AI-based Auto-Transcription

<< Click to Display Table of Contents >>

Navigation:  START YOUR OBSERVATIONS > Transcriptions and Comments >

AI-based Auto-Transcription

Since 2024, INTERACT Premium offers an offline, AI-based auto-Transcription module.

After correct installation, this module enables you to auto-transcribe any video with clear audio locally - fully GDPR compliant.

Note: During the installation of INTERACT and the first run of the auto-transcribe module, an internet connection is required.

Start an Automated Transcription

Open you video in INTERACT

Open an INTERACT data file.

Create a DataSet by clicking the Btn_AddSet Add Set button.

Click Insert - Reference - Multimedia to DataSet Btn_LinkVideoToDataSet

Or...

Make a right click inside the corresponding DataSet.

Choose Insert file reference > Link current videos to current DataSet from the context menu.

Make sure you can open your linked video by double-clicking a time stamp of the DataSet, otherwise the transcription tool is not able to 'find' the video.

Configure Auto-Transcript

Open the configuration dialog with the command Text - Text analysis > Autotranscribe-Whisper.

Auto-TranscribeMenu

The configuration dialog appears:

Auto-Transcribe-Dialog Whisper_TranscriptExportFormats

With those default settings, you already receive a rather good transcription of your video.

Model - The selected model determines both the quality of the result and the time it takes to complete the transcription. The base Model is a very good compromise. For a rough index of the spoken words, even the tiny model might be sufficient. You'll need to test that for yourself.

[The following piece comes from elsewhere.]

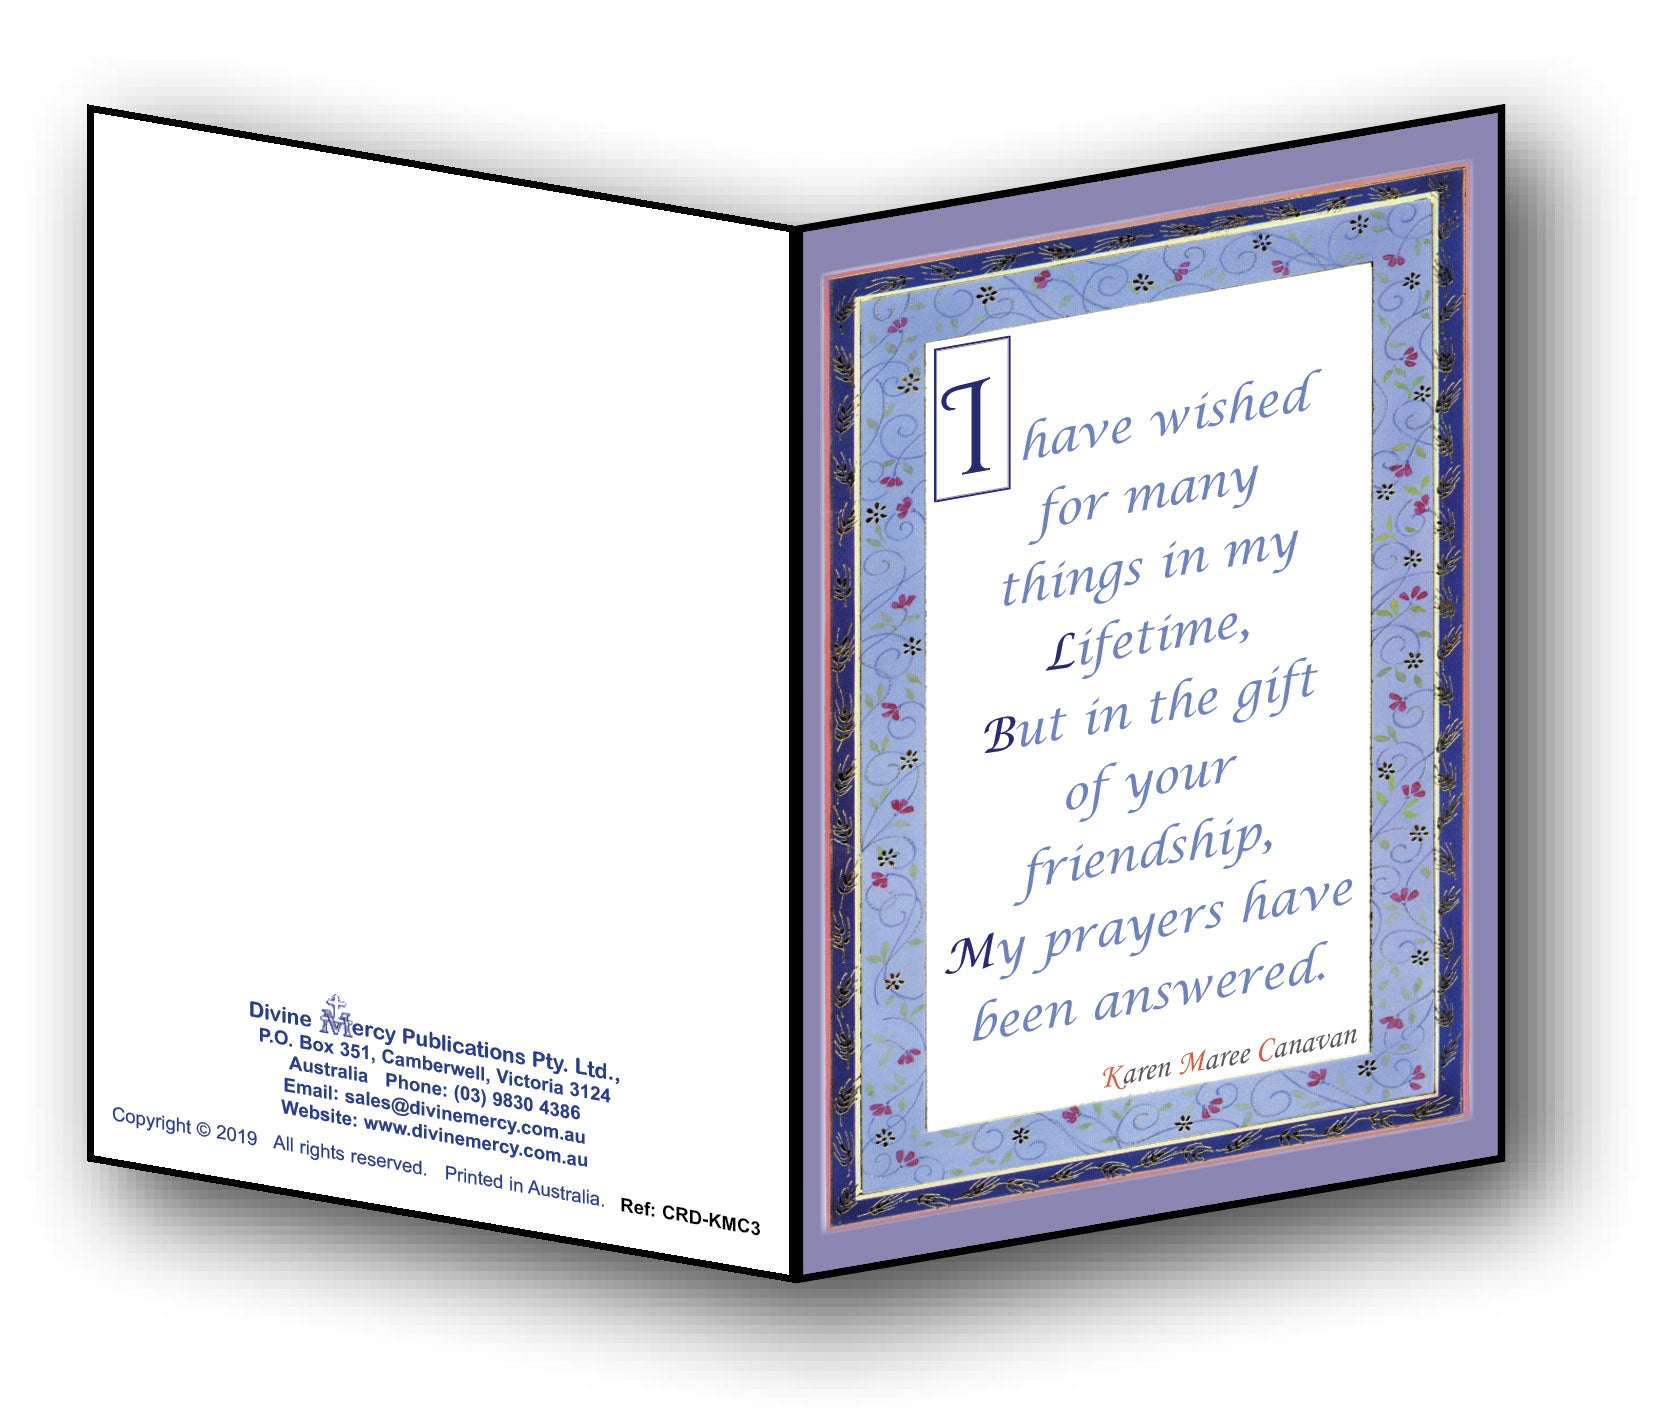 The Gift of Your Friendship Greeting Card

Language - Automatic for automated language detection. Not all languages can be transcribed correctly.

Device - Specifies if the workload should be handled by the CPU or the GPU. If you have a good CUDA compatible graphics board,  GPU handling is much faster.*

Number of threads - default workload spread.

Transcript format - Specifies the file format of the resulting text file. SRT and VTT are specific sub-title formats that can also be imported directly into INTERACT.
 

Transcript type - Specifies how the Events are created: Per sentence or per Word. A per Word transcription creates an Event for every word, which results in accurate timing per word.

Output path

Specifies where the transcript file is stored. Creating this file in the same directory as the video makes it easy to find it.

Add transcripts as INTERACT Events - This option ensures the automated creation of INTERACT Events. If you clear this option, you can import the SRT file into INTERACT later.

Repetitive Transcription passes

The drop down at the bottom offers the following options:

oSkip file and do not create Events - If the video has already been transcribed, nothing happens

oOverwrite and transcribe again - Previous transcriptions are overwritten and the video is processed again.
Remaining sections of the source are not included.